What scares me the most is there are too many people out there waiting (pushing) for the end of the world in support of mythology.

Still this isn’t what motivated me to start my meet-up. To paraphrase Richard Dawkins: “We are lucky to be here and the universe is fantastic.”

I am not Satanist. I am not a Hedonist.

My atheism is only the declaration of disbelief.

I do not have to be quiet about it.

I can have a need to have others in my life without being co-dependent.

I can want to have like-folks around me without wanting to start a church.
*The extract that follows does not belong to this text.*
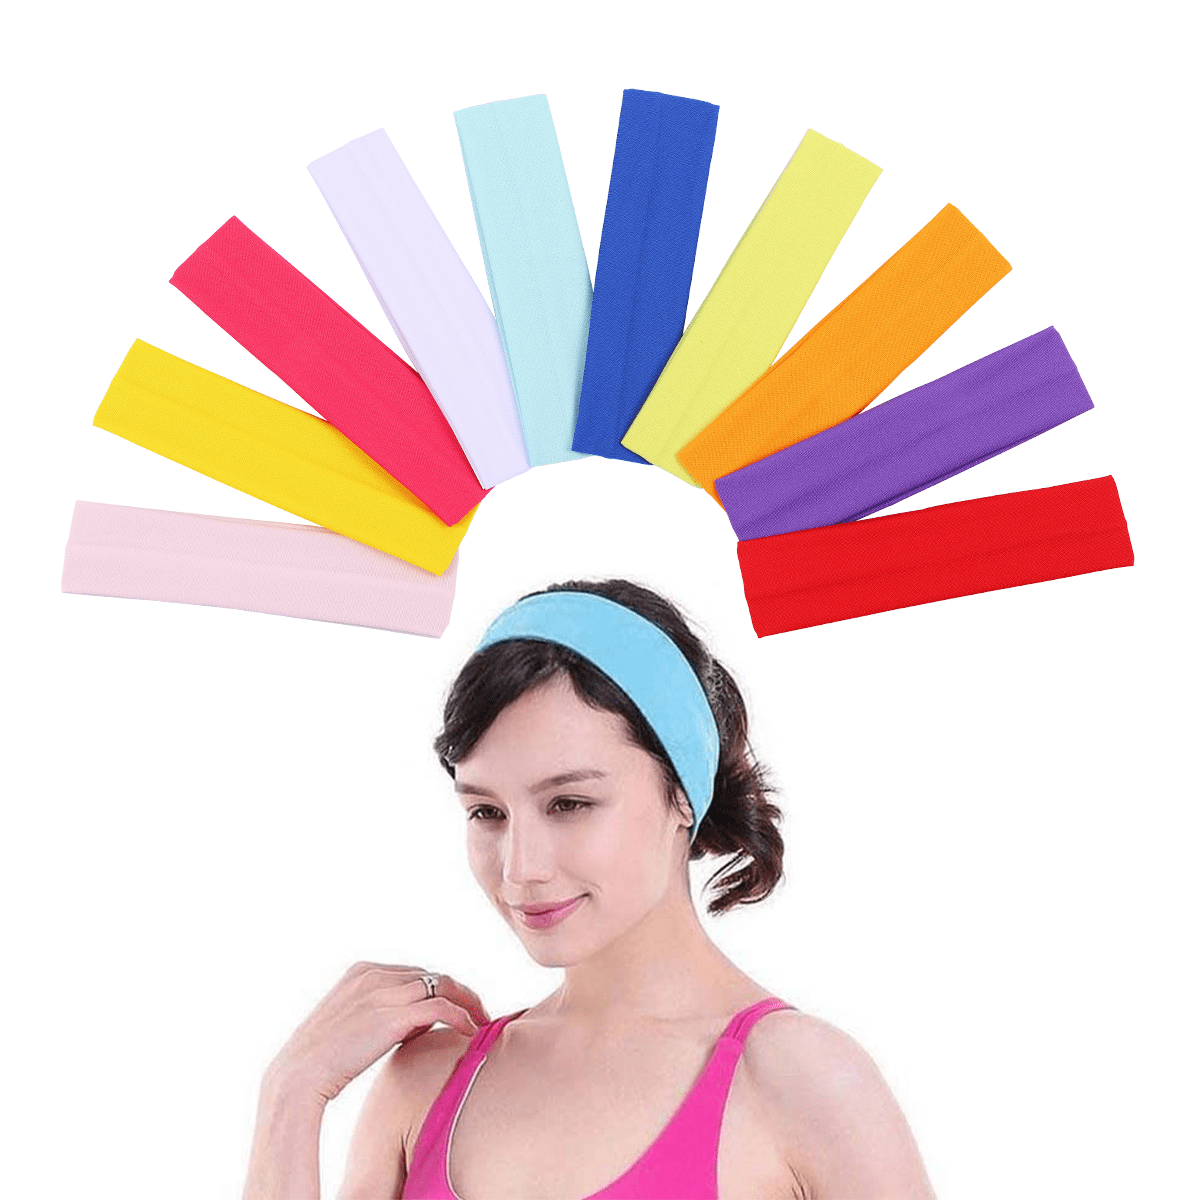 Elastic Stretch Sport Hairbands,10 Pcs Yoga Cotton Headbands, Yoga Beauty Hair  Style Headbands for Women Girls Sports,Pilates,Fitness (Mixed Colors) -

Here is my Meet-up Group description:

"It vexes me when they would constrain science by the authority of the scriptures and yet do not consider themselves bound to answer reason and experiment." _- Galileo Galilei

So, has being a naturally selected, social animal left you with a longing for a fellowship with like-minded folk?

The Anchorage Atheists Meetup Group comes together once a month to celebrate the natural, intelligible universe with food and drink.
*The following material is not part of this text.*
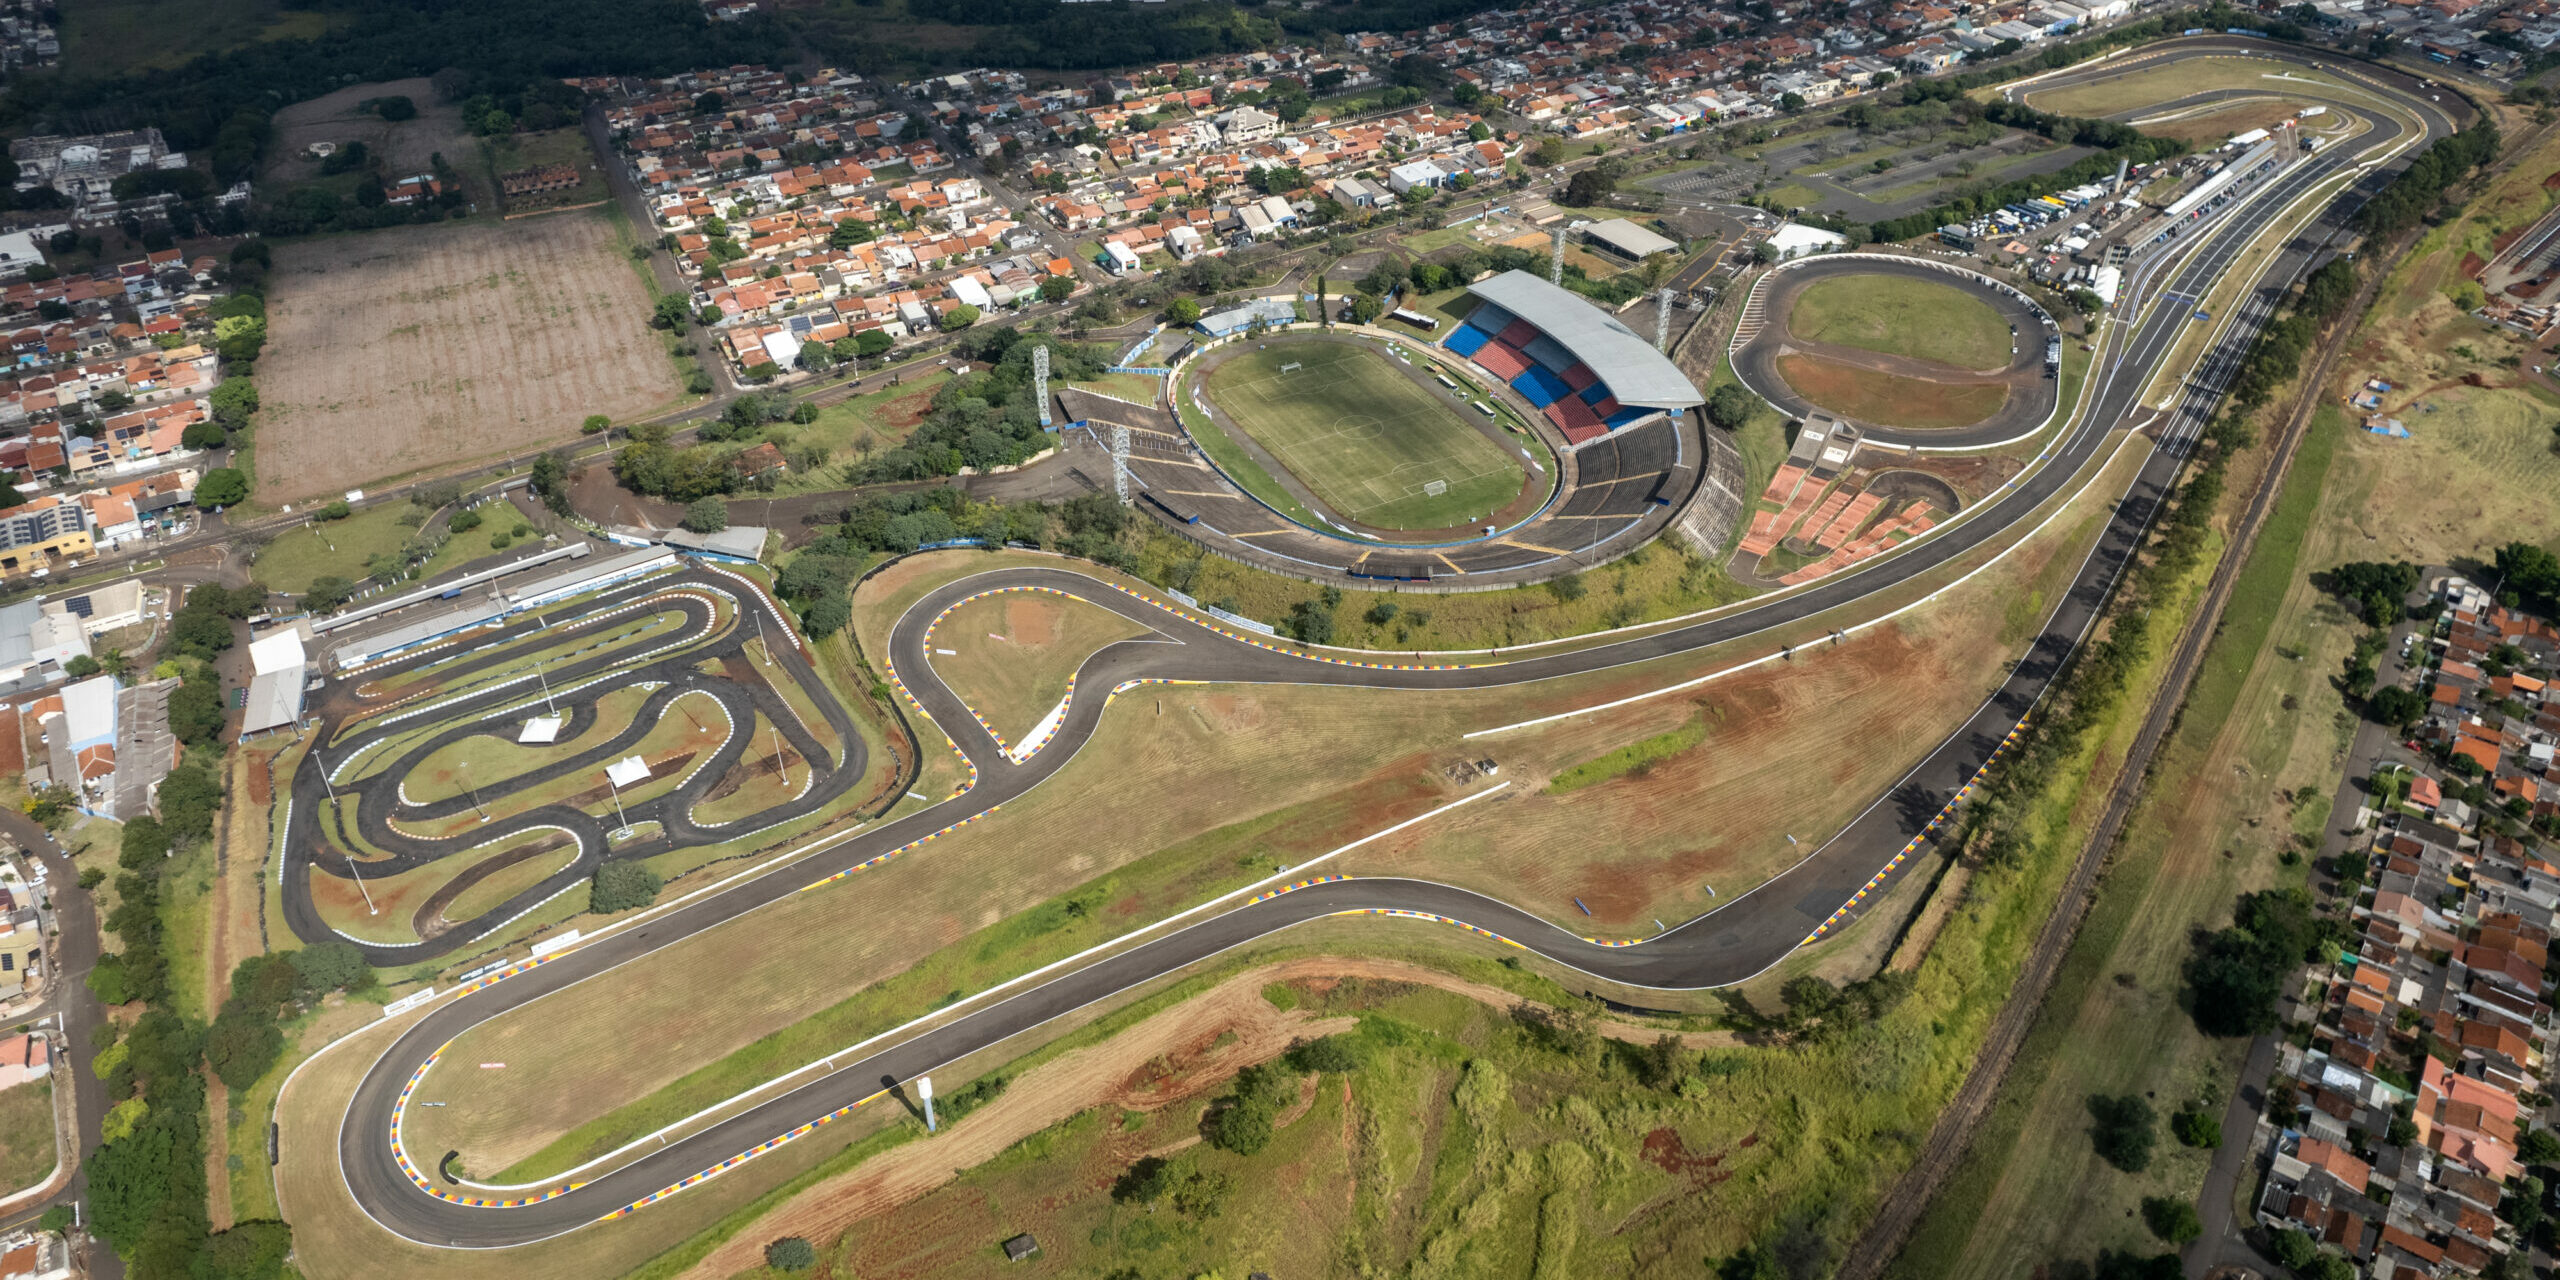 #InfoTruck Londrina: todos os resultados das corridas já realizadas

We have room at our table for freethinkers, agnostics, non-theists, and, of course, atheists.

Hope to see at our next meeting!


AtheistToothFairy said...

SEQ said"
We have room at our table for freethinkers, agnostics, non-theists, and, of course, atheists
I was thinking of that stubborn xtian we had here recently, that lives within your area.
I have wondered if such atheist meetings ever have open debates with theist or whether those local meetings are just for non-theist types?

While we see many such debates in youtube video's, it doesn't seem local groups would have an interest in such debates, but rather are meant more for like-minded folks to share their ideas and just find folks who don't have the crutch of religion governing their lives.

Just curious about how such meetings usually go, is all.

ATF (Who thinks we've been too silent, for too darn long)

Anonymous said...

Let's not talk on open forums about rabid gun-toting fundies showing up at atheist meetings pulling Columbine-like antics -- they visit sites like this; let's not give them ideas! But yes, it's something I've been concerned about for a while.

BTW, small matter, but Madalyn is spelled without an e.

Regarding catching up on science. I recommend watching some of the cable programs on the Science Channel -- you also find some excellent documentaries on the History Channel and some other channels. Also -- slightly dated, but I believe "Cosmos" with Carl Sagan is being rebroadcast on the Science Channel at 4pm central time starting Sunday the 6th.